Le président gabonais Oligui Nguema honore la mémoire ivoirienne à Yamoussoukro

Yamoussoukro, le 5 août 2026 — La visite officielle du président gabonais Brice Clotaire Oligui Nguema a transcendé le simple cadre protocolaire pour s’inscrire dans une démarche mémorielle et diplomatique d’envergure. En se recueillant devant le mausolée de Félix Houphouët-Boigny puis en se recueillant à la Basilique Notre-Dame-de-la-Paix, il a choisi de placer cette étape ivoirienne sous le signe de la paix et de la fraternité entre deux nations africaines déterminées à renforcer leur coopération.
Accompagné de son épouse Zita Oligui Nguema et d’une délégation de haut niveau, le chef de l’État gabonais a été accueilli dans la capitale politique ivoirienne par les autorités locales et traditionnelles. Cette visite s’inscrit à la veille des célébrations du 66ᵉ anniversaire de l’indépendance de la Côte d’Ivoire, auxquelles le Gabon participe sur invitation du président Alassane Ouattara.
Le choix de Yamoussoukro n’est pas anodin : c’est dans cette ville que repose Félix Houphouët-Boigny, premier président ivoirien et architecte d’une Afrique unie et pacifiée. En déposant une gerbe au mausolée de l’ancien dirigeant, Oligui Nguema a rendu hommage à une figure emblématique de l’histoire africaine, tout en soulignant les liens indéfectibles entre Libreville et Abidjan, tissés par des décennies d’amitié et de collaboration.
Un hommage porteur d’espoir pour l’Afrique
Lors de son passage devant la chefferie traditionnelle de Yamoussoukro, le président gabonais a mis en lumière l’héritage politique de Houphouët-Boigny, symbole d’un État capable de s’inscrire dans la durée et de faire de la paix un pilier de stabilité. Ce geste s’inscrit dans une dynamique plus large, celle d’une Afrique en quête de renforcement de ses relations interétatiques et de construction d’une coopération continentale ambitieuse.
Cette tournée diplomatique reflète la volonté du Gabon de multiplier les ponts avec ses partenaires africains. La participation aux festivités ivoiriennes du 7 août illustre cette ambition, avec une délégation incluant des officiers gabonais formés en Côte d’Ivoire et des représentants des peuples autochtones du pays. Une façon de célébrer la diversité gabonaise au sein d’un événement rassembleur de plusieurs nations africaines.
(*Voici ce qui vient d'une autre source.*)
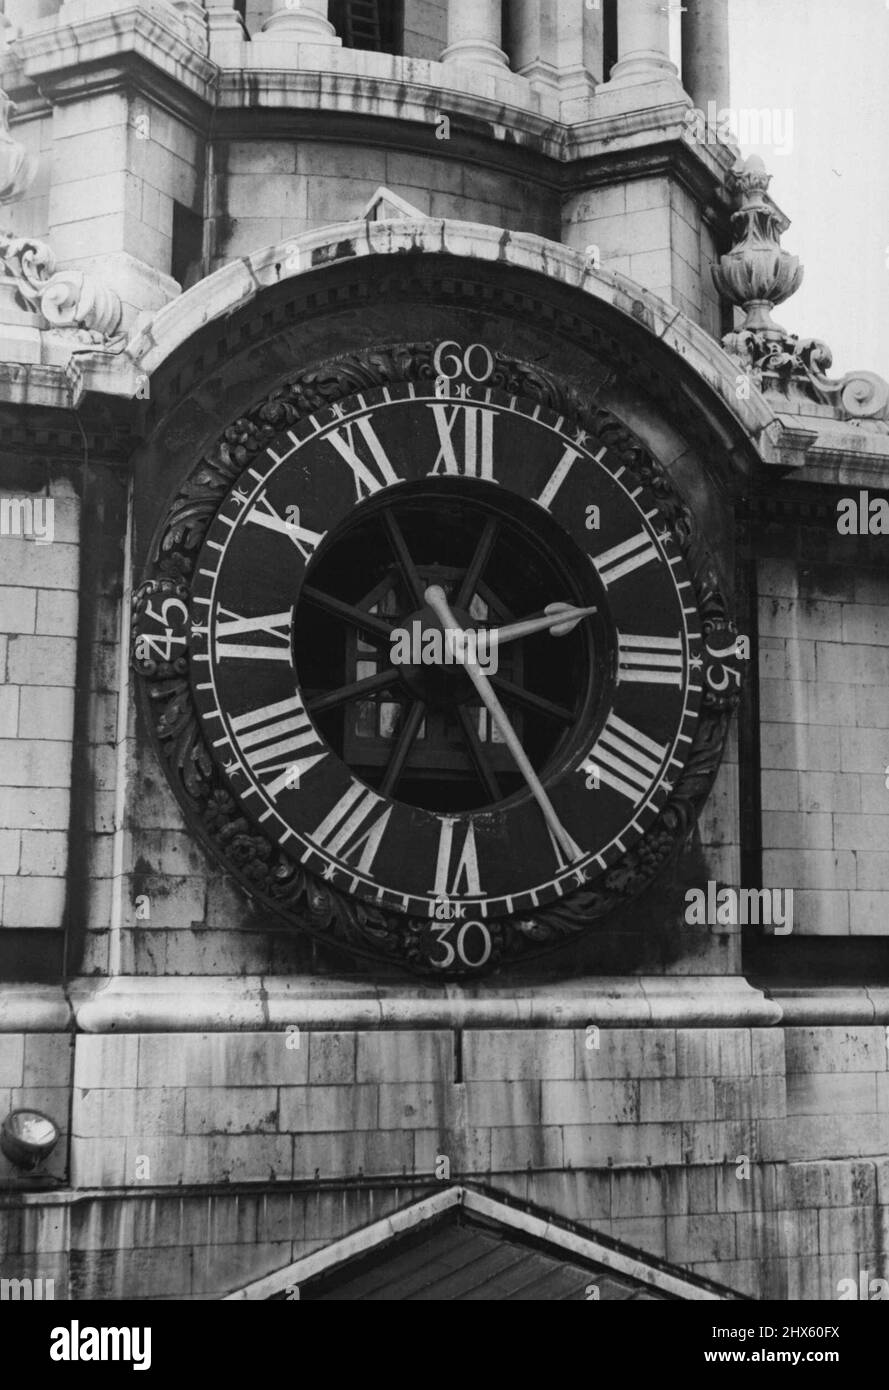 L'horloge Saint-Paul est en cours de réparation et offre une vue extérieure sur la face de l'horloge de la cathédrale Saint-Paul. L'horloge de la cathédrale Saint-Paul subit actuellement des réparations, qui sont effectuées par Mlle John Smith et fils de Derby, les fabricants de l'horloge. Cela fait partie des travaux d'entretien réguliers à Saint-Paul, qui comprennent, de façon progressive, l'enroulement et la régulation de l'horloge par un homme du département des travaux de la cathédrale et une inspection mensuelle régulière par des hommes de John Smith's qui effectuent périodiquement Banque D'Images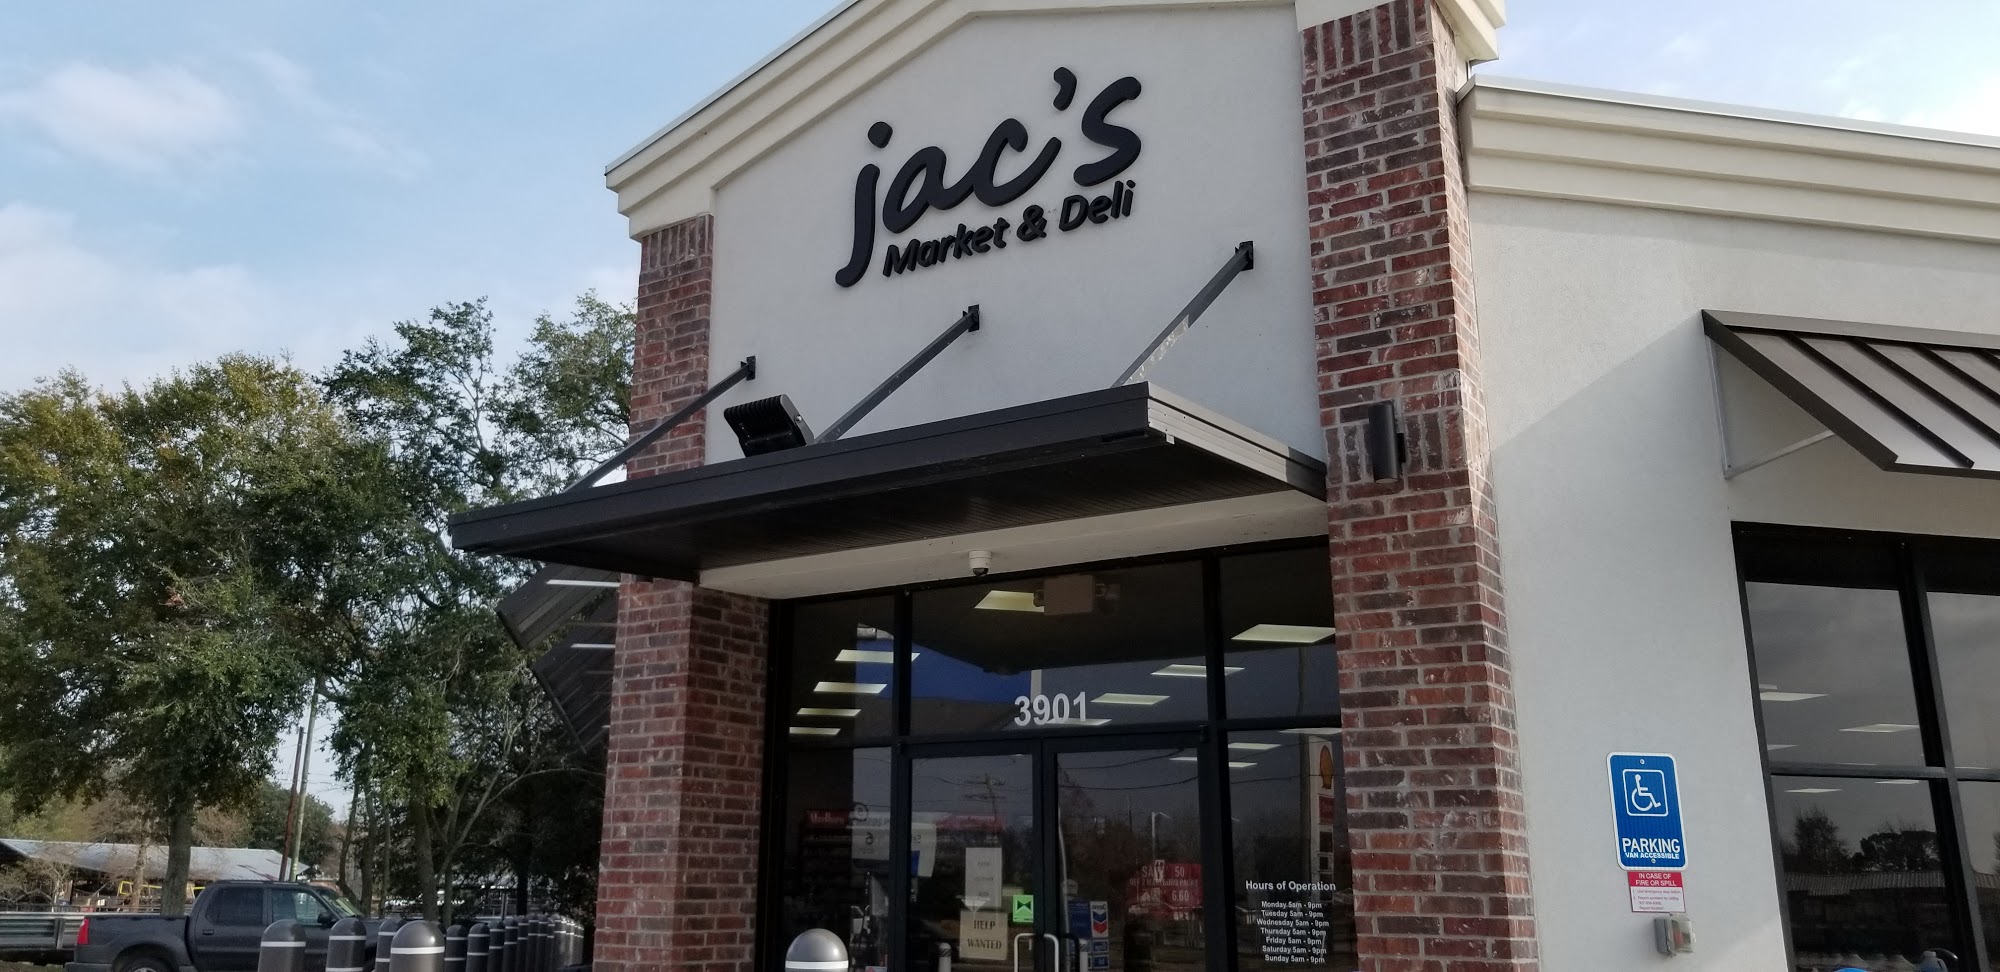 Jac’s Market & Deli

De la mémoire à l’unité africaine
La Basilique Notre-Dame-de-la-Paix, joyau architectural de Yamoussoukro, a accueilli la seconde étape marquante de cette visite. Inspirée de la Basilique Saint-Pierre de Rome, cette cathédrale symbolise la foi et l’espoir en un avenir commun. La délégation gabonaise y a laissé un message dans le livre d’or, appelant à l’unité, au dialogue et à la solidarité entre les peuples africains pour bâtir une Afrique « forte et prospère ».
Ce déplacement révèle une diplomatie gabonaise qui ne se limite pas aux accords économiques ou aux rencontres politiques. Elle s’appuie sur les symboles, la mémoire et les valeurs partagées pour rapprocher les peuples et renforcer les liens entre les nations. Pour Libreville comme pour Abidjan, cette relation historique représente un capital précieux. L’enjeu désormais est de concrétiser cette proximité dans des domaines stratégiques : économie, diplomatie, culture, sécurité et échanges humains.
En honorant la mémoire de Houphouët-Boigny et en plaidant pour une Afrique unie depuis la Basilique Notre-Dame-de-la-Paix, Oligui Nguema a choisi un langage universel. Ce message dépasse le cadre des célébrations ivoiriennes : il rappelle que la relation entre le Gabon et la Côte d’Ivoire s’inscrit dans une histoire commune, mais doit désormais servir de levier pour une coopération africaine plus ambitieuse et tournée vers l’avenir.